In the meantime, 717 production limps along at only one jet per month, the last vestige of commercial aviation in California.

Only about 1,500 employees remain on the program, and Boeing is selling off large chunks of the Long Beach plant, for years home to the Douglas Aircraft company.

Some veteran Douglas employees blame the long decline of the Long Beach commercial-jet unit on lack of investment by McDonnell Douglas.

"The corporation never invested in the factory," concedes Williams, the former executive. "We really didn't have a modern factory. It was a lack of investment all the way around."

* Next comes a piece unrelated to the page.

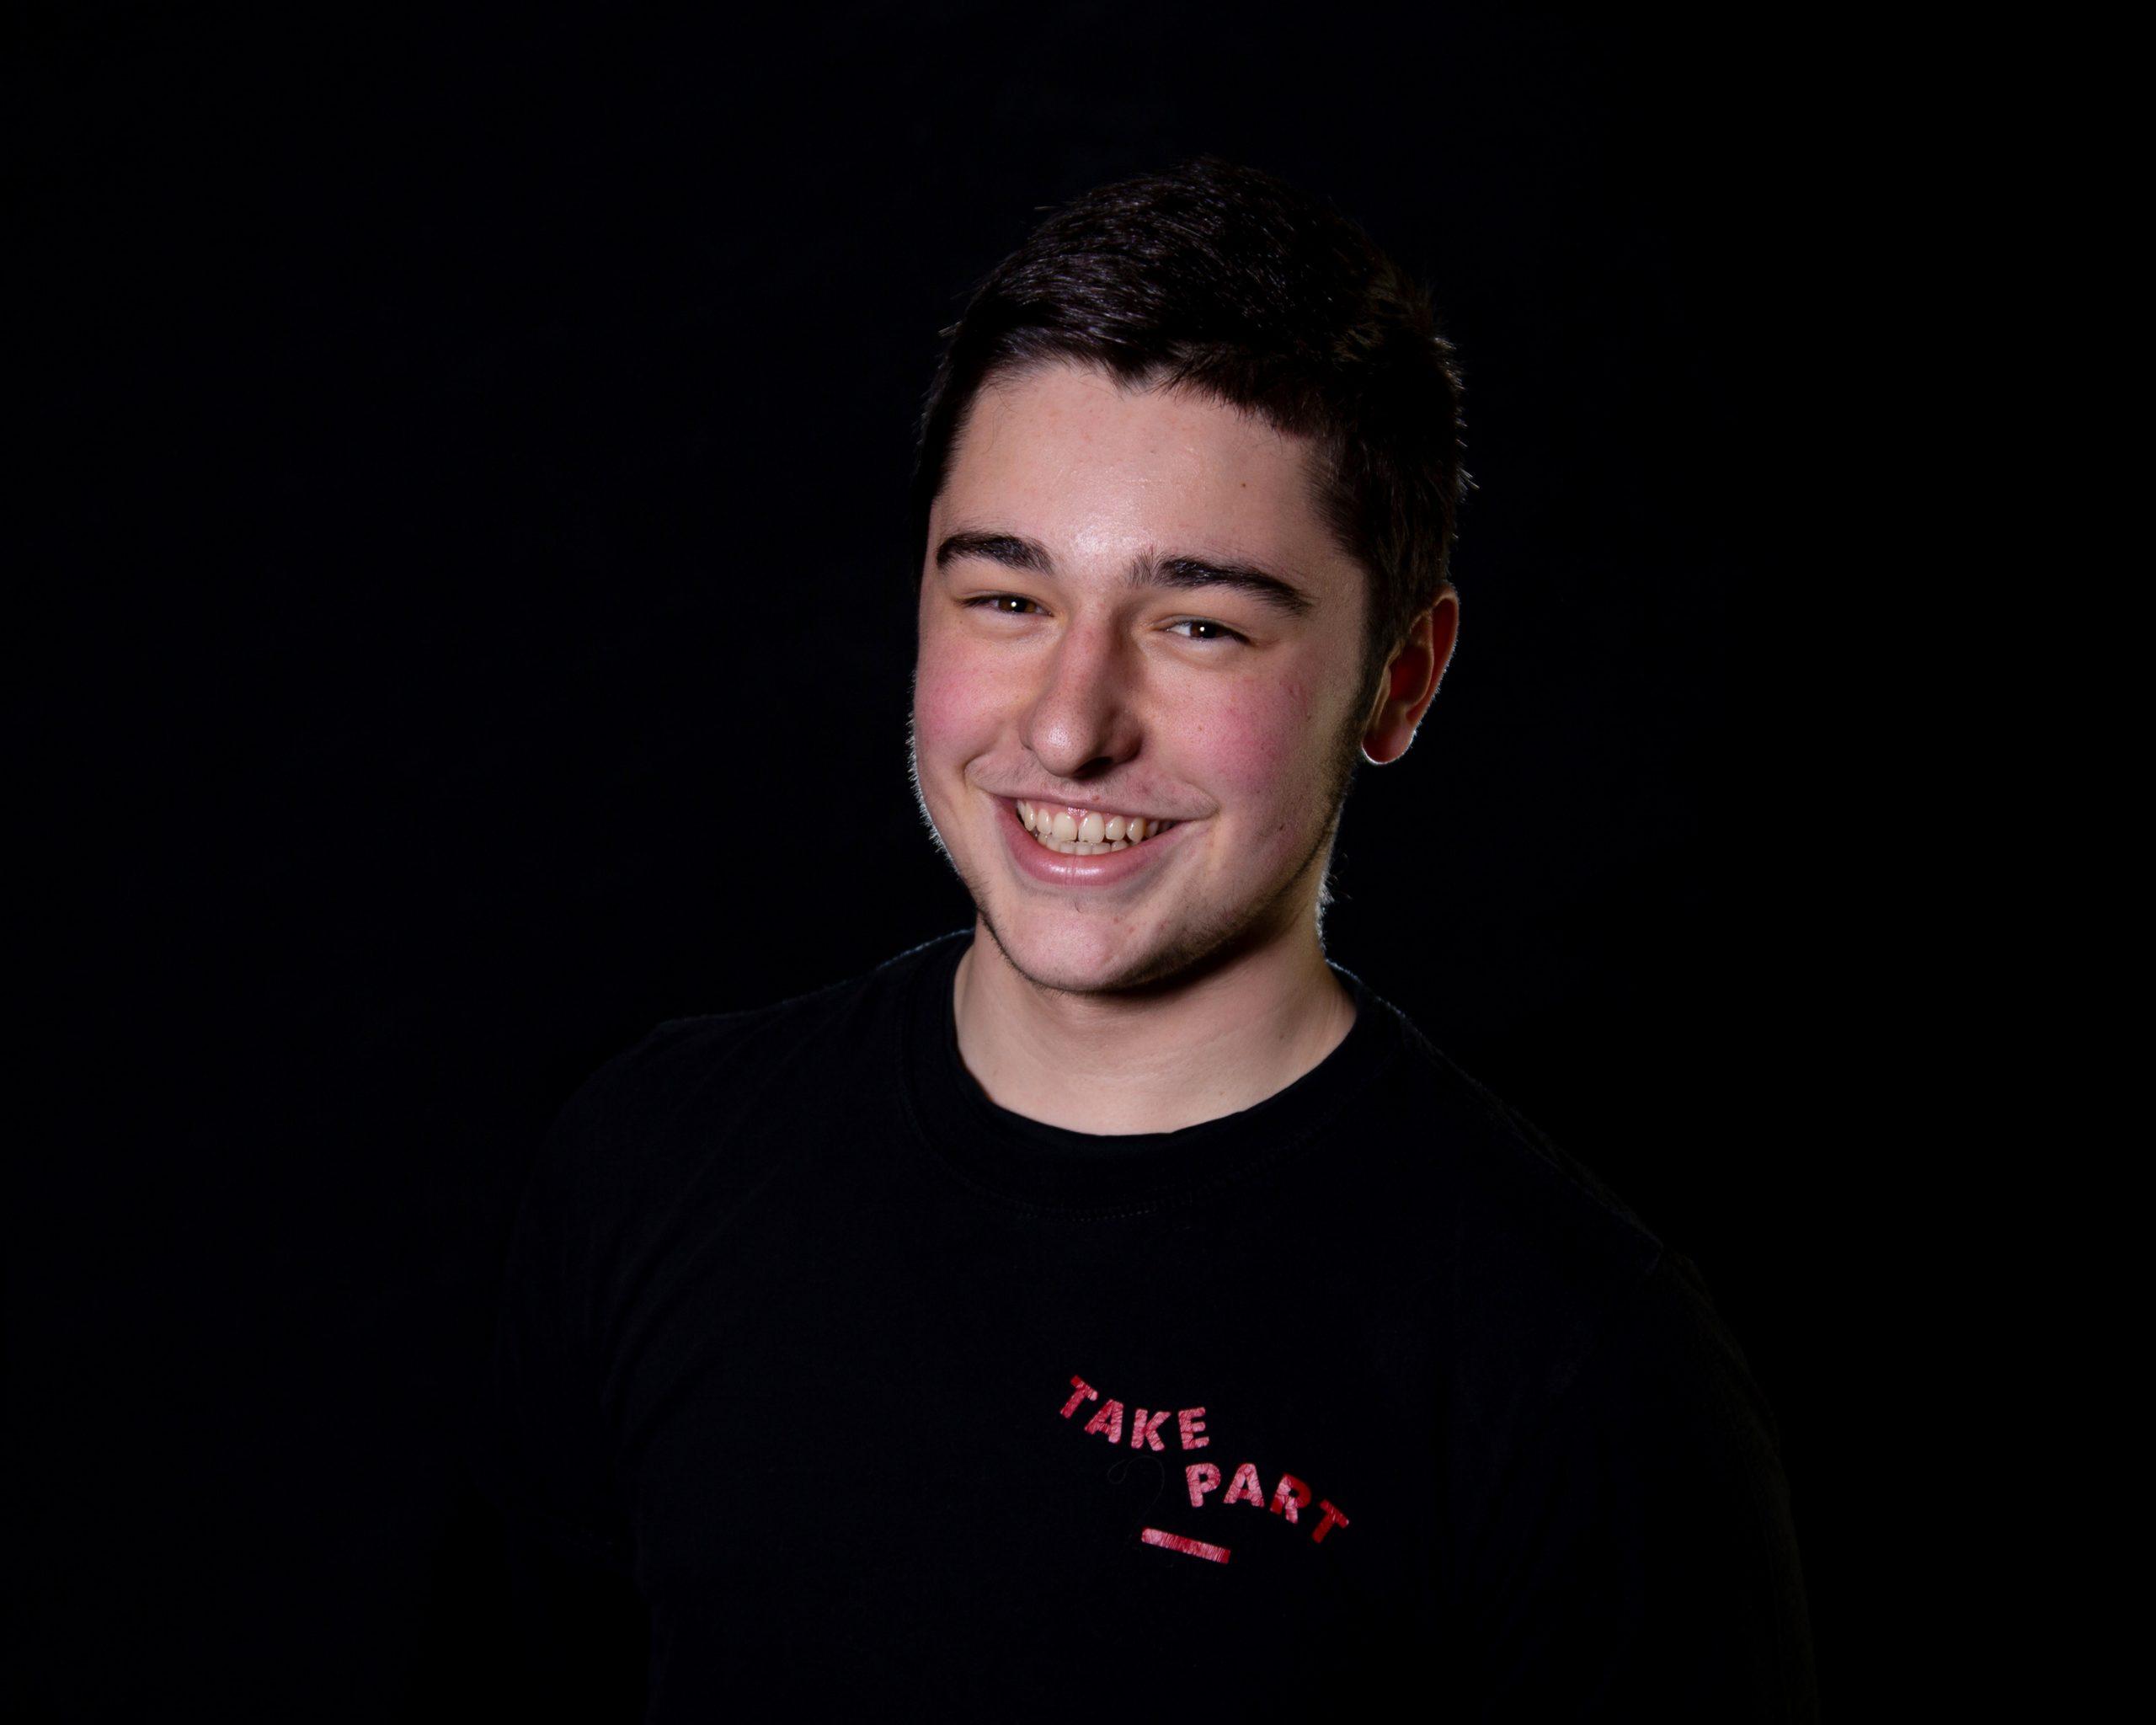 Headshot of Olly Williams

And yet Williams eschews blame.

"I don't think there was any intention by the McDonnell family to get out of the commercial side of the business," Williams said. "They didn't see risking the amount of cash it was going to take for the returns they were going to get. They were strictly business decisions."

In October 1996, McDonnell Douglas CEO Harry Stonecipher decided finally that the company had no future in commercial aviation. Two months later, he agreed to the Boeing merger.

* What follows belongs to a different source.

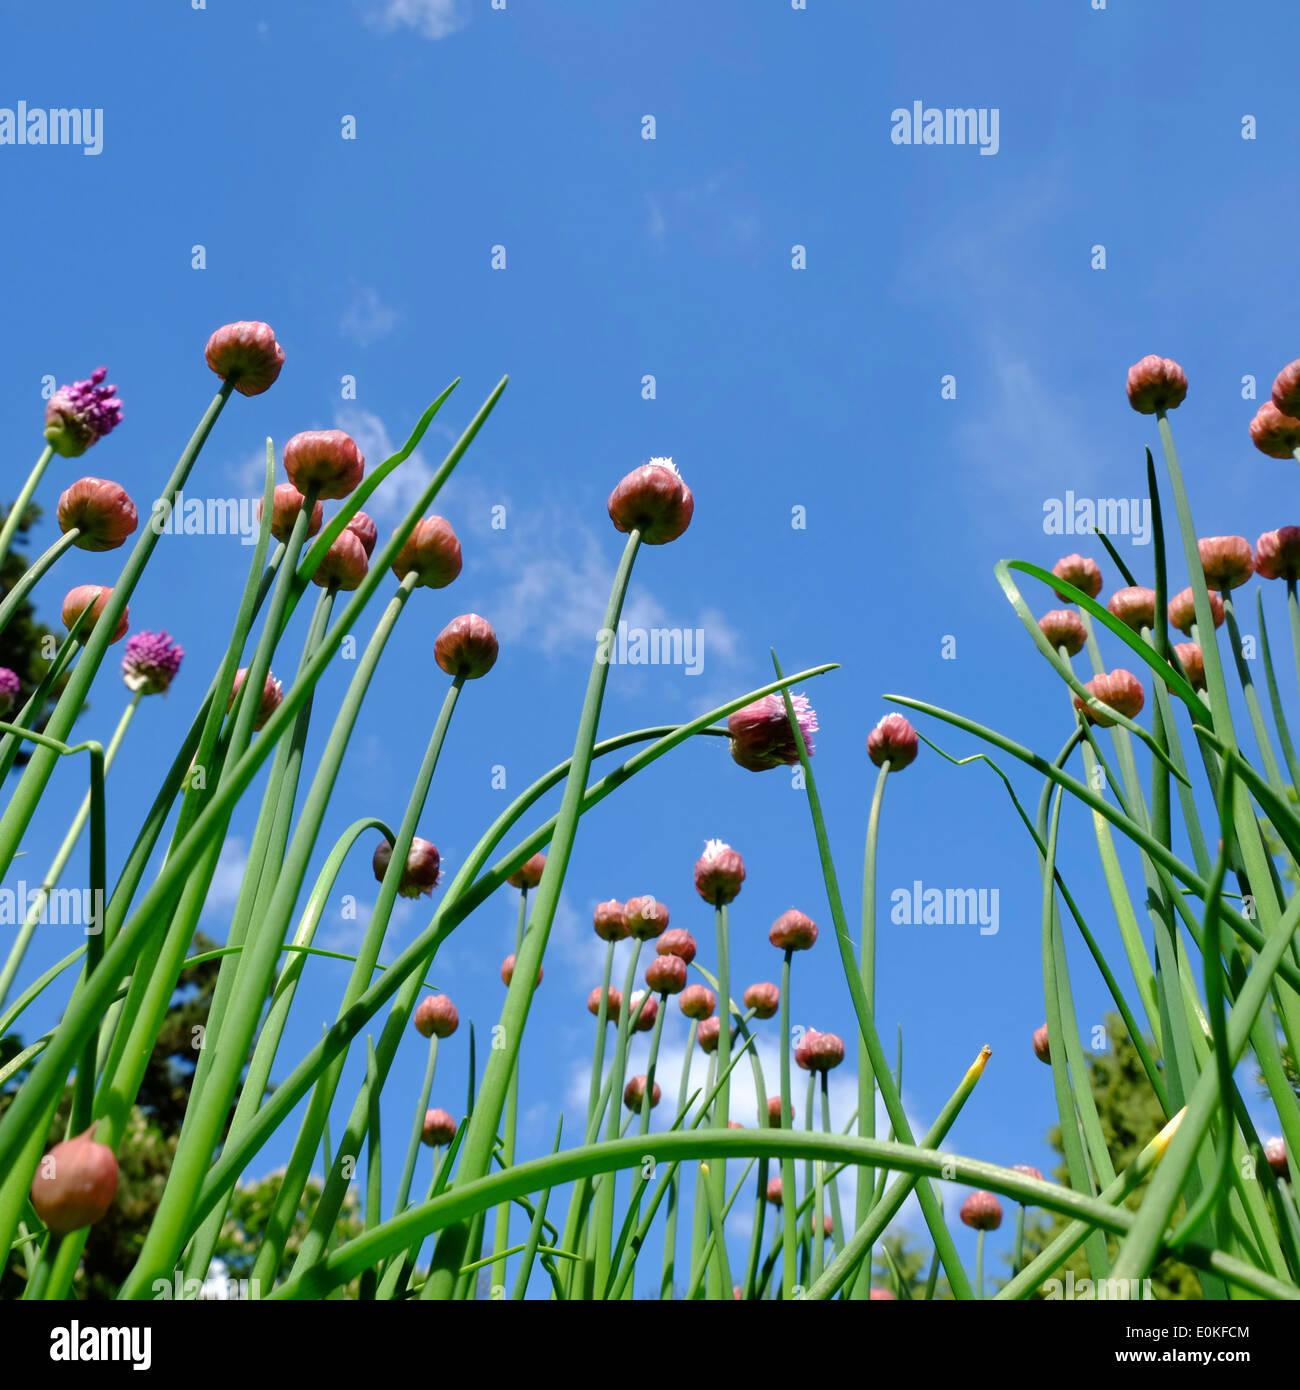 Allium flowers opening against sky - Stock Image

McDonnell Douglas brought little commercial-jet business to the table.

But it did bring a business model that serves as a legacy for the 7E7 and Boeing jets to come.

Dominic Gates: 206-464-2963 or dgates@seattletimes.com

The 717 executive legacy


Former McDonnell Douglas executives who worked on or around the 717 program hold key positions within Boeing, some on the 7E7 program.

Harry Stonecipher, 67

Former CEO and president of McDonnell Douglas, Stonecipher was personally involved in the development and launch of the MD-95, which became the 717 (shown here at the Paris Air Show in 1999). Though retired as president of Boeing, he remains a highly influential member of the Boeing board, which must approve the launch of the 7E7.

Jeff Luckey, 46

Formerly head of supplier management on the MD-95 program, Luckey developed its extensive network of outside suppliers. At Boeing, he was director of supplier management for the Sonic Cruiser program before it was canceled and helped establish the key supplier relationships that were carried over intact into the 7E7 program. He is now director of supplier management for propulsion and interiors on the 7E7.

John Feren, 48

Former head of marketing for Douglas Aircraft, Feren is vice president of marketing, sales and in-service support for the 7E7.

Mike Cave, 43

Former chief financial officer for Douglas Aircraft, Cave is now senior vice president of airplane programs for Boeing Commercial Airplanes. He oversees all existing commercial jet programs, though not the 7E7.

Craig Saddler, 44

Former business manager on the C-17 military transport jet program in Long Beach, Saddler is developing the 7E7 business model.

717 — 7E7 parallels


• In 1994, McDonnell Douglas launched a search for an MD-95 final assembly site, threatening to leave its longtime home of Long Beach, Calif. Eventually, it decided to stay in Long Beach. The 7E7 site search will climax next month.
• In 1994, the MD-95 wings were outsourced to a Korean company. By 1998, the Korean wing contract had collapsed and Boeing was forced back to the former Douglas wing plant in Toronto. The 7E7 wings have been outsourced to three Japanese companies; the wing tips are to be made in Korea.
• With all the 717 parts arriving at Long Beach from elsewhere, Boeing wanted a fast, cost-efficient production process. In 2000, it introduced its first moving production line on the 717. The 7E7 assembly line will carry the concept further, with a moving line that assembles a completed plane from just six large sections in three days.
The totally outsourced jet


With the McDonnell Douglas merger in 1997, Boeing inherited a supplier plan in which the entire 717 airframe had been outsourced:

• Nose and cockpit: Korea Air Lines (Korea)
• Fuselage: Alenia (Italy)
• Wings: Hyundai Space and Aircraft (Korea)*
• Tail: Aerospace Industrial Development Corp. (Taiwan)
• Horizontal stabilizer: ShinMaywa Industries (Japan)

*Because this contract fell through, the 717 wings had to be brought back in-house and are made today by Boeing Toronto.